Panel-panel logamnya dibentuk dengan tangan dan dibiarkan tanpa cat. Permukaan itu sengaja dibuat menua secara alami agar muncul patina yang memberi kesan klasik dan hidup.
Pendekatan tersebut membuat tampilannya terasa seperti mesin kerja lama yang masih bertahan di ladang-ladang Italia. Di saat yang sama, ada banyak detail tersembunyi dan sejumlah lambang Lamborghini di berbagai sisi.
Diproduksi sangat terbatas
Proyek ini dirancang oleh desainer Italia Adler Capelli. Pengerjaannya juga didukung oleh kelompok kolektor Jerman, Klima Lounge, yang memahami sejarah dan karakter merek Lamborghini.
Jumlahnya sangat sedikit, karena Centenario Tractor hanya dibuat lima unit. Kelangkaan inilah yang ikut mengangkat posisinya sebagai barang koleksi, bukan sekadar kendaraan pertanian yang dimodifikasi.
Salah satu unit yang kini dilelang disebut baru menempuh 310 mil atau sekitar 500 km sejak selesai dibuat pada 2020. Jarak tempuh yang rendah itu memperkuat statusnya sebagai objek eksklusif.
Harga yang menabrak ekspektasi
Saat masih baru, masing-masing dari lima unit dilaporkan terjual sekitar €1,75 juta, atau setara $2 juta dengan kurs saat ini. Nilai itu saja sudah menempatkannya di wilayah harga supercar, meski fungsi dan tenaganya sangat berbeda.
Perbandingan makin mencolok jika melihat Lamborghini Revuelto baru di Amerika Serikat yang dibanderol $600k.

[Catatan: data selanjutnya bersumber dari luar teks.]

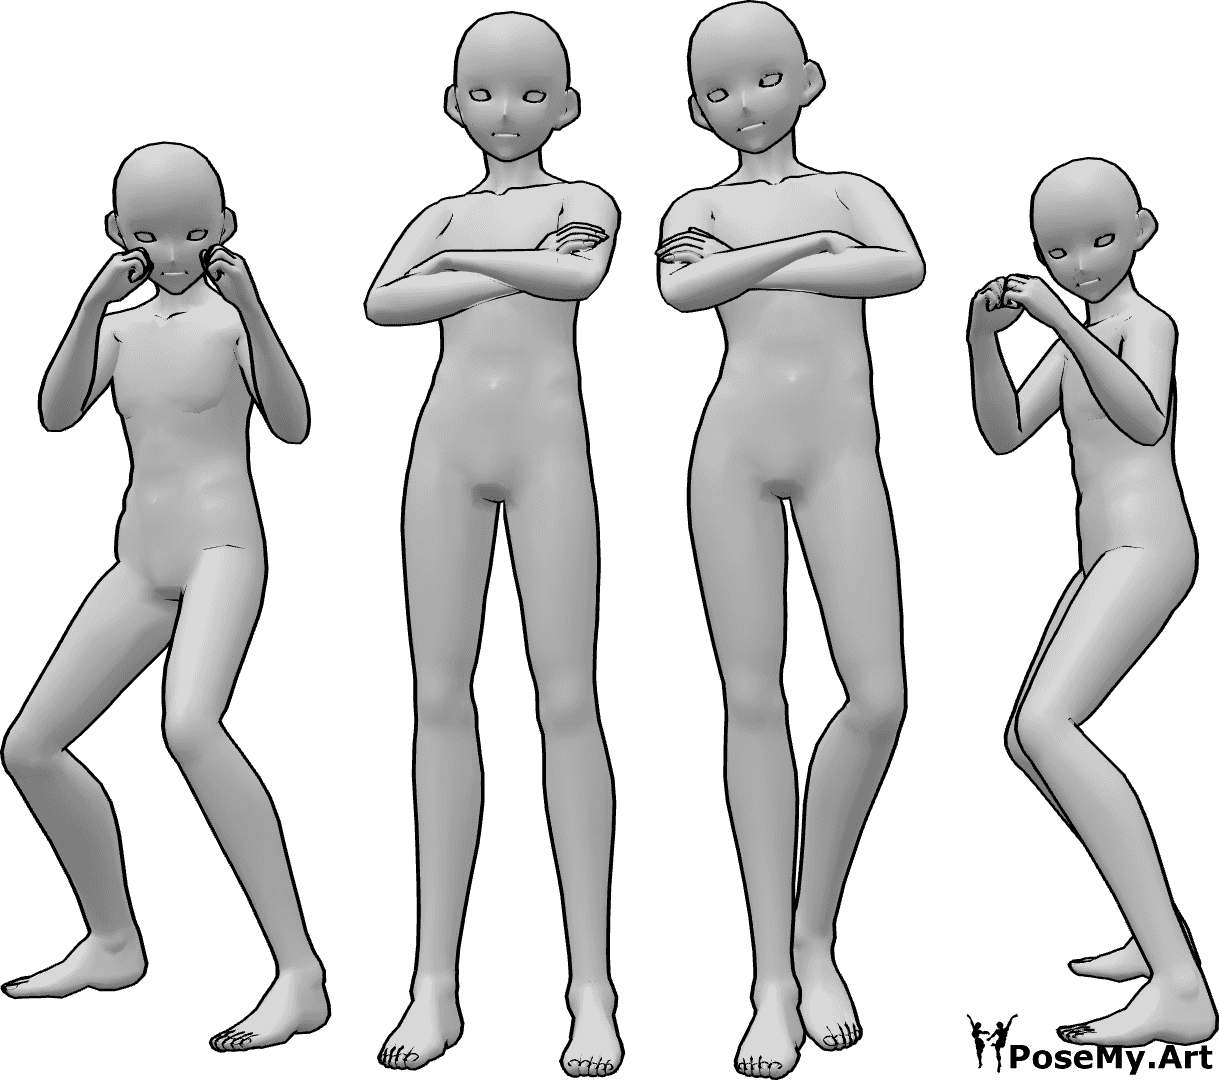 Posen-Referenz- Anime männliche Kämpfer posieren - Vier männliche Anime-Kämpfer posieren, zwei von ihnen in Boxhaltung und die anderen beiden stehen mit verschränkten Armen

Artinya, pembeli bisa saja perlu menyiapkan dana lebih besar untuk traktor steampunk ini daripada untuk mobil andalan Lamborghini masa kini.
Lelang Centenario Tractor pun menjadi peluang langka bagi kolektor yang mencari benda dengan kisah kuat, pengerjaan rumit, dan hubungan langsung ke akar sejarah Lamborghini. Di pasar kendaraan koleksi, daya tarik seperti itu kadang lebih mahal daripada angka tenaga yang tertera di atas kertas.